Thirty years later: what changed since the US “unipolar moment”?
Thirty years ago, the Cold War was over: Europe was reunited after almost half a century of artificial and political motivated division; the exhausted USSR was about to collapse; and the US, along with its Western allies, was triumphant. Francis Fukuyama (1989) argued that the victory of Western liberal democracies represented not just the passage towards a post-war history, but also «the end of history as such: that is, the end point of mankind’s ideological evolution and the universalization of Western liberal democracy as the final form of human government»; and furthermore, the «total exhaustion of viable systematic alternatives to Western liberalism» helped the West to prevail over the socialist model.
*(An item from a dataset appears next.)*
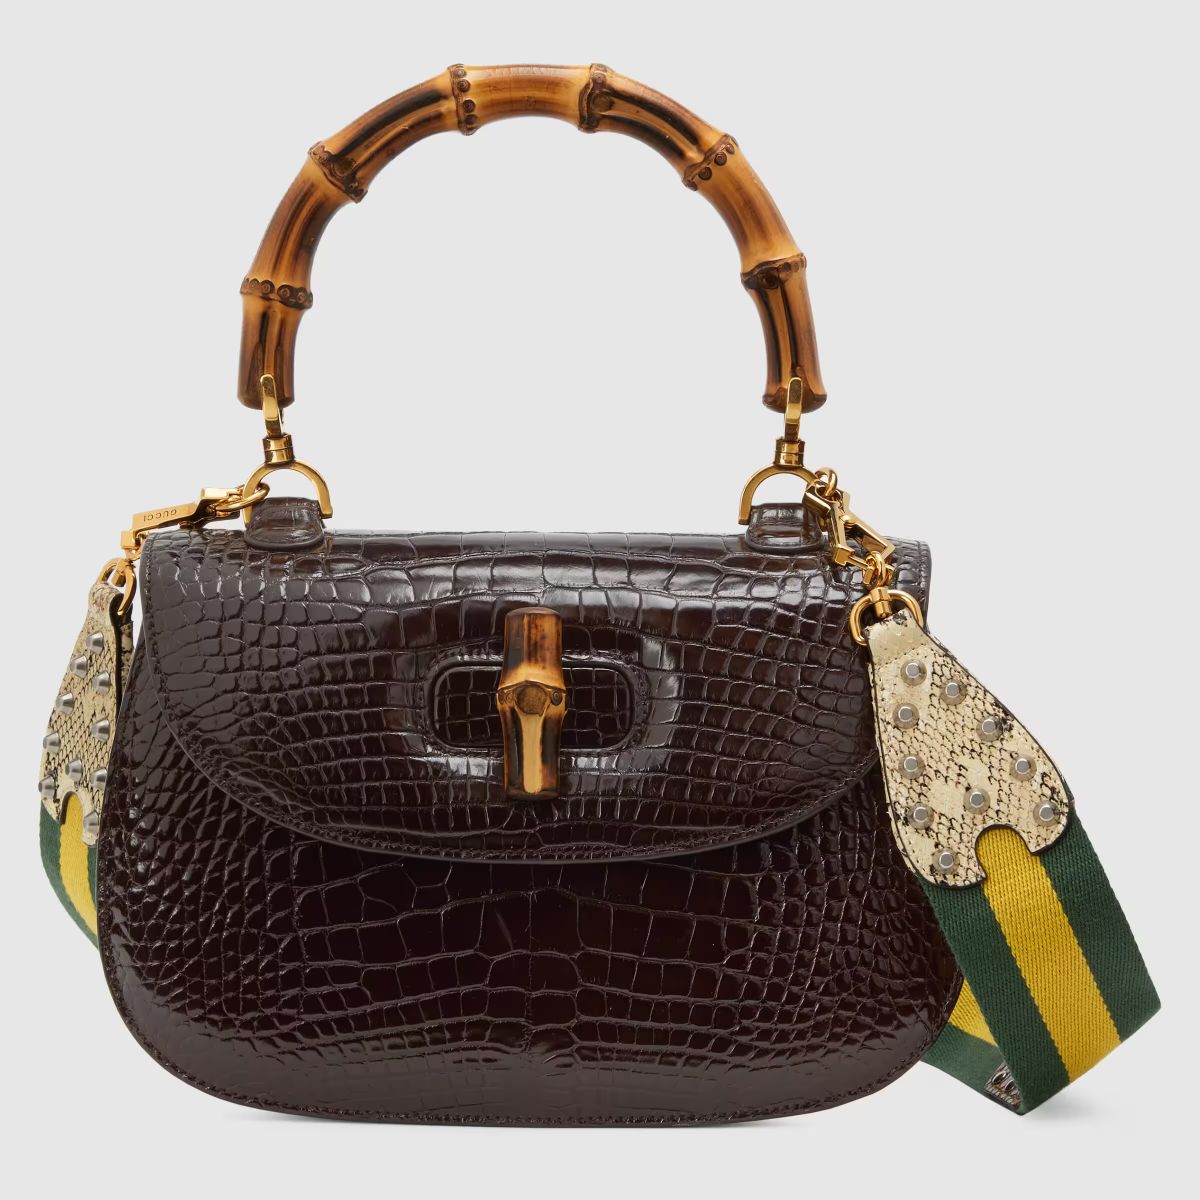 Gucci Bamboo 1947 Bag: Meet The Newest Gucci Bag & Learn Its History –  StyleCaster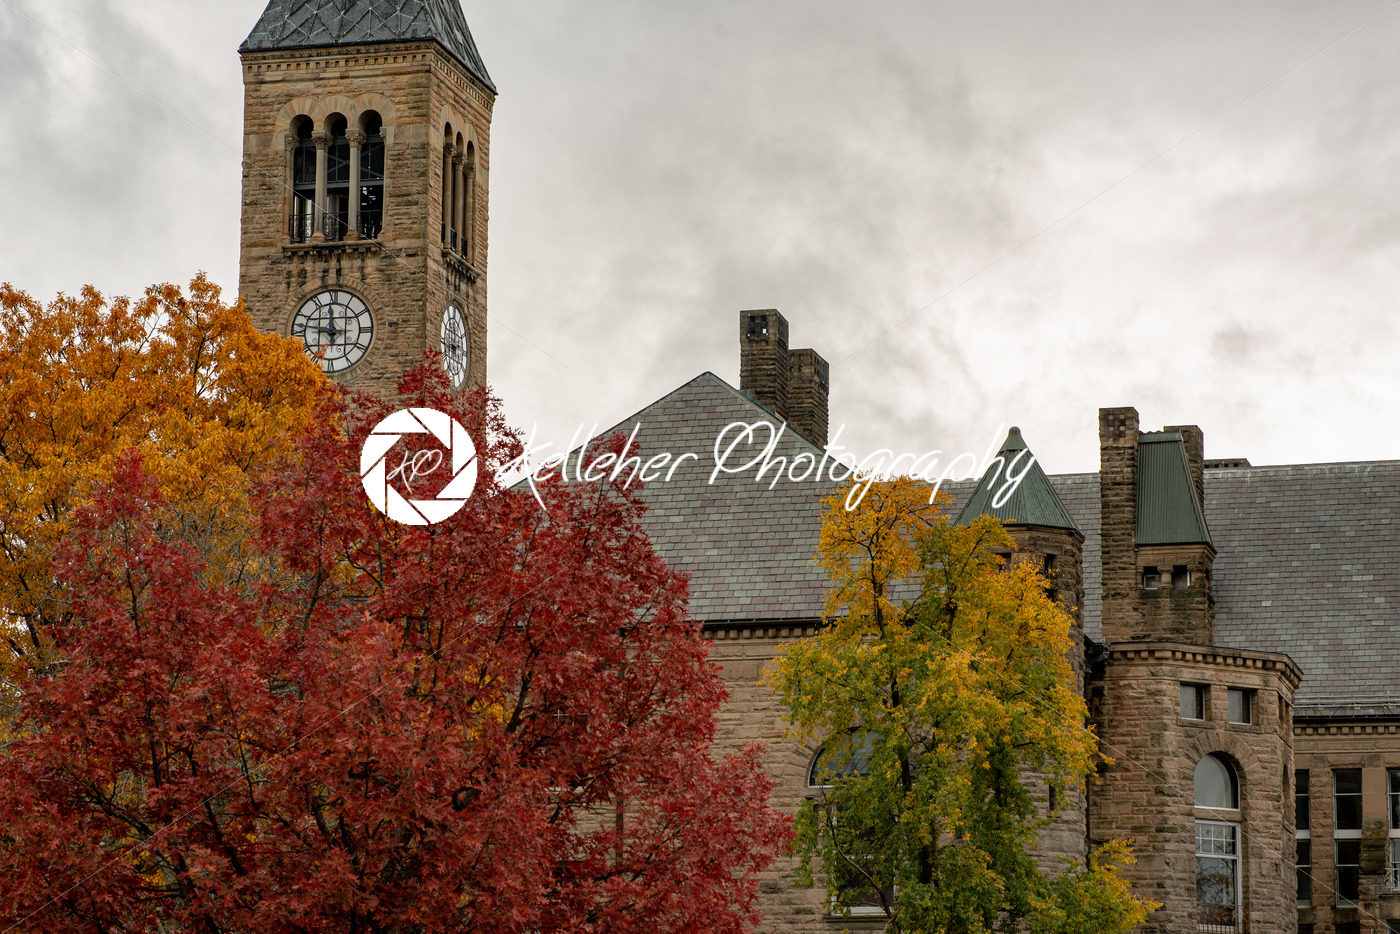 Buildings at Cornell University during peak fall time with autumn colors in Ithaca, New York - Kelleher Photography Store

A particular variant of Western liberal democracy that was emphasized at the time: the American one.
The US was not just celebrating a geopolitical victory over a three generations enemy – Socialism – but it strongly emerged from the Cold War as the only geopolitical superpower left; as a model of political regime – liberal democracy appeared to be the winning governing scheme –; as an “economic leader” – capitalism and free market defeated planned economy; as a cultural model – from East Berlin to Minsk, from Prague to Budapest, former Warsaw Pact’s countries were attracted by the consumerist wave triggered by America. In the post-Cold War world, the US was the model: unchallengeable, unmatched, uncontrollable. No country, not even in coalition with others, could consider competing on the military level with the great stars and stripes’ “post-modern” empire.